Here, the ALJ's conclusion is supported by substantial evidence in the record. First, as the ALJ noted, there was no suggestion in the record that Plaintiff had problems keeping herself safe, and the ALJ further observed that Plaintiff could perform certain daily activities without any identified safety problems. (AR 82.) Plaintiff's briefing has cited to no evidence indicating that the ALJ erred in this regard. Second, the ALJ pointed to the evidence in the record that Plaintiff arrived early or on time to her appointments for a consultative neurological examination and for a consultative psychological examination. (AR 82, citing AR 643, 901). The ALJ further stated that there was no evidence that Plaintiff had any significant problems attending doctors' appointments in a timely fashion or following the advice of healthcare providers. (AR 82.) Again, the cited evidence in the ALJ's decision substantially supports these findings.
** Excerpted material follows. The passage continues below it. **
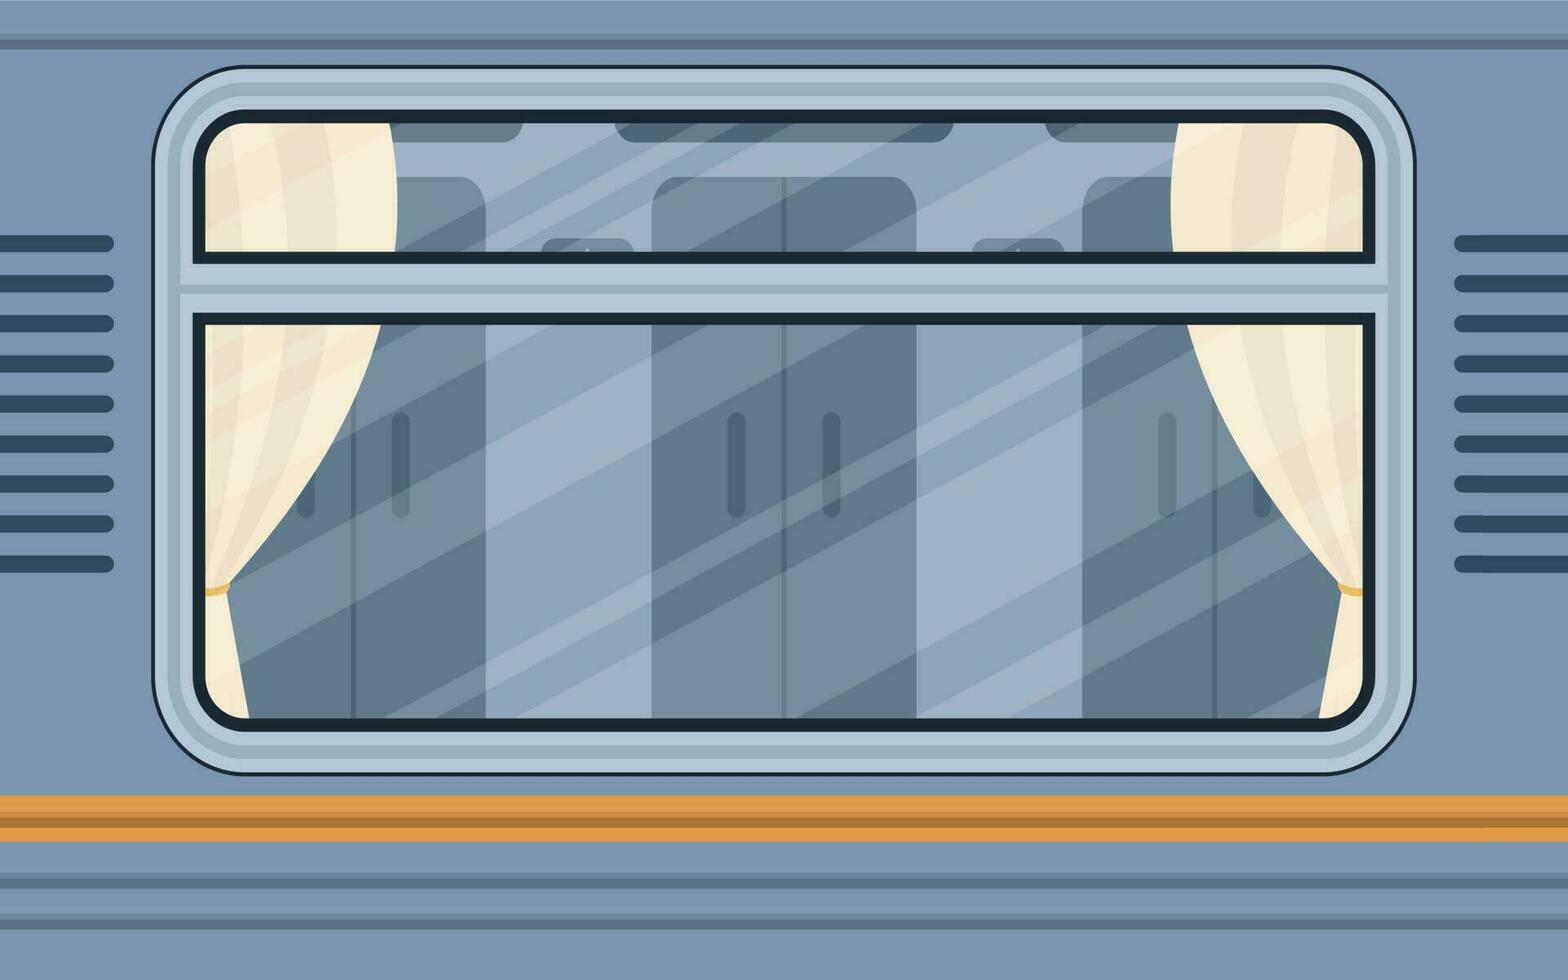 Train compartment windows. Rail transport is shown outside. Cartoon style. Flat style. vector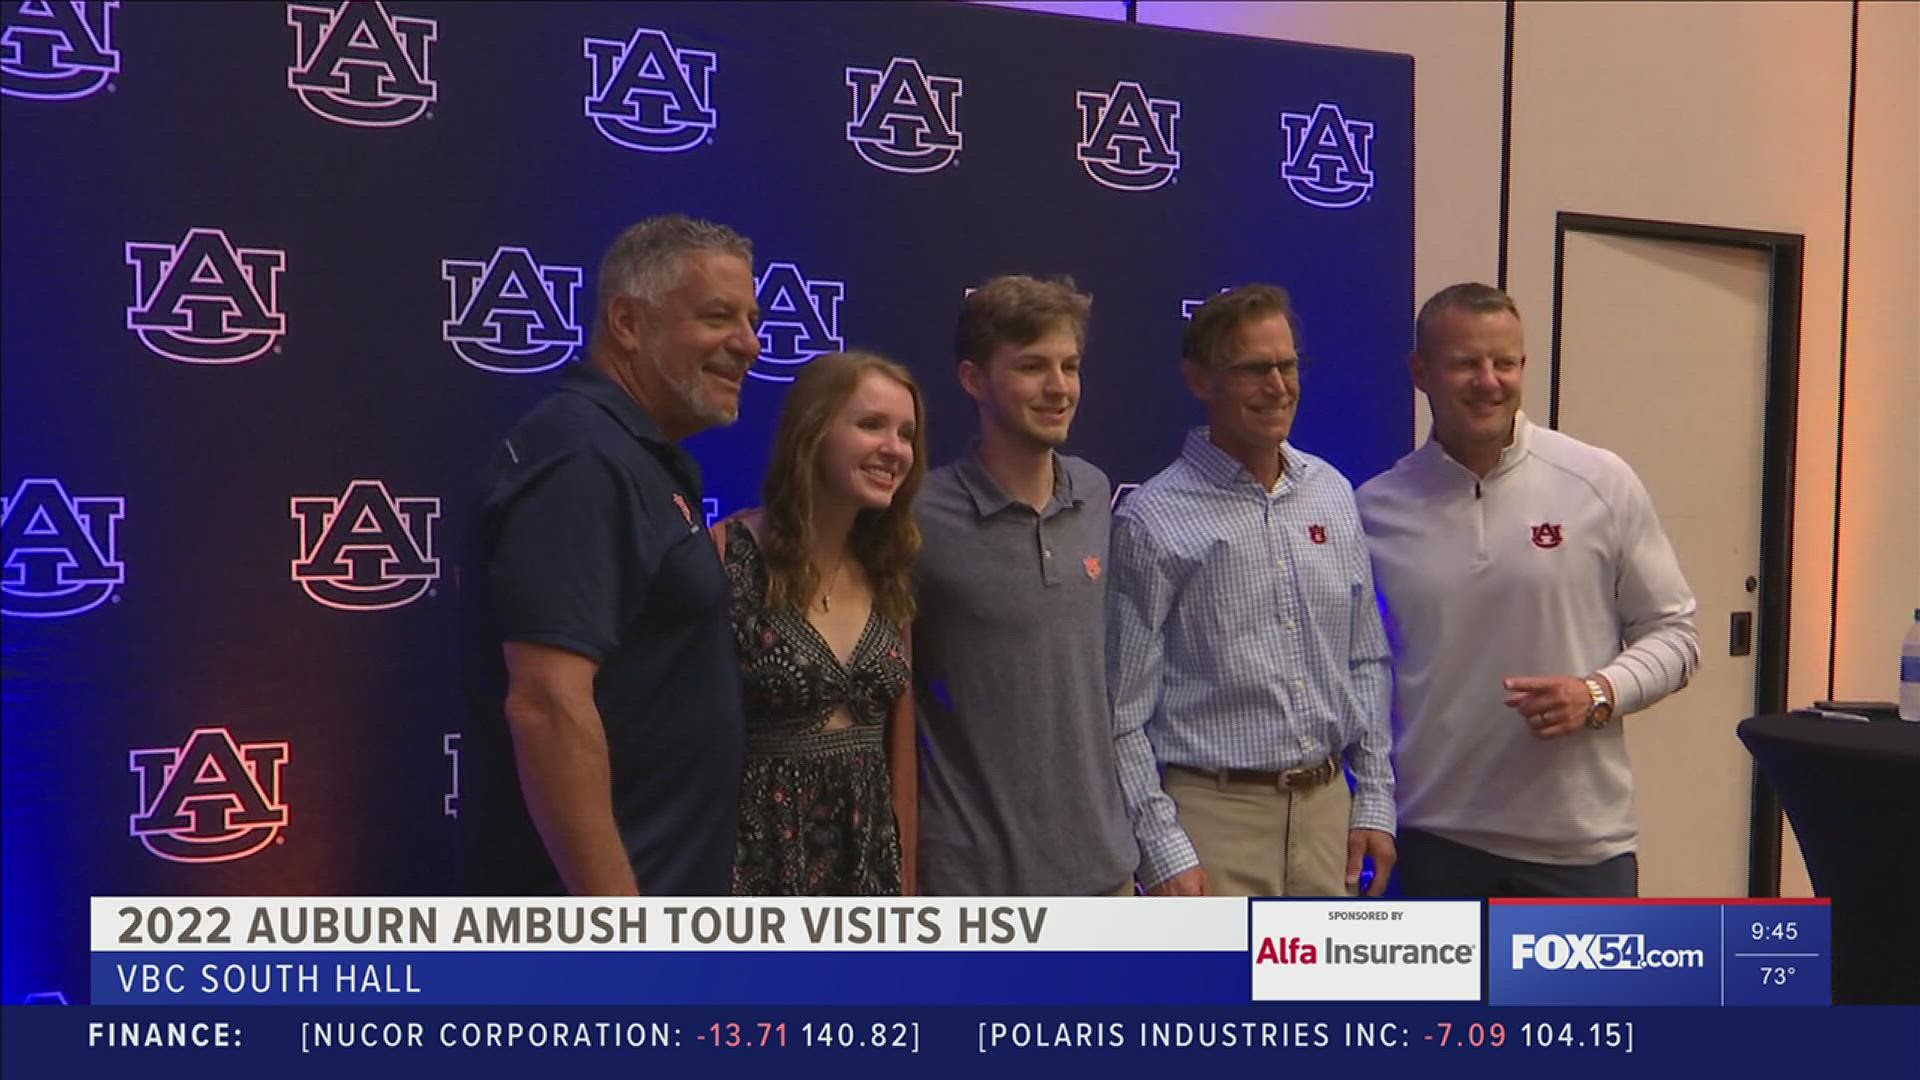 Bruce Peal and Bryan Harsin made their way to Huntsville to speak with Tiger fans on the annual Auburn AMBUSH Tour.

Plaintiff objects that the ALJ improperly characterized the record and points to function reports prepared by Plaintiff (AR 429-37) and Plaintiff's friend Marcela Perez. (AR 407-15.) As to Plaintiff's own function report, the ALJ considered Plaintiff's subjective symptom reports and concluded that the evidence did not support the subjective limitations set out in her written report and her testimony. (AR 83.) Plaintiff has not challenged this finding regarding her symptoms, and the ALJ could properly reject Dr. Chehrazi's opinion to the extent it was based on Plaintiff's self reports. See Tommasetti v. Astrue, 533 F.3d 1035, 1041 (9th Cir. 2008). With regard to the function report prepared by Ms. Perez, it states that Plaintiff's daughter drives her to doctor visits "most of the time" (AR 411), but does not indicate that this causes Plaintiff to miss appointments. As to parent conferences at school, Ms. Perez stated that Plaintiff needed to rest before going to the school (AR 412), but did not state any problem concerning safety or attendance. Ms. Perez also stated that Plaintiff's daughter drives Plaintiff to doctor visits, parent conferences and shopping. (AR 10.) But this need for transportation does not indicate that Plaintiff would have poor attendance or that she would have difficulty in following safety rules at work. Indeed, Ms. Perez reported that Plaintiff follows spoken instructions "well" and writes down written instructions on her calendar. (AR 412.) In addition, it was stated by Ms. Perez that Plaintiff gets along "great" with authority figures including bosses. (AR 413.) In short, Plaintiff has not pointed to any objective evidence contradicting the ALJ's conclusion regarding Dr. Chehrazi's opinion as to compliance with job rules such as safety and attendance.
For the foregoing reasons, IT IS ORDERED that Judgment be entered affirming the decision of the Commissioner and dismissing this action with prejudice.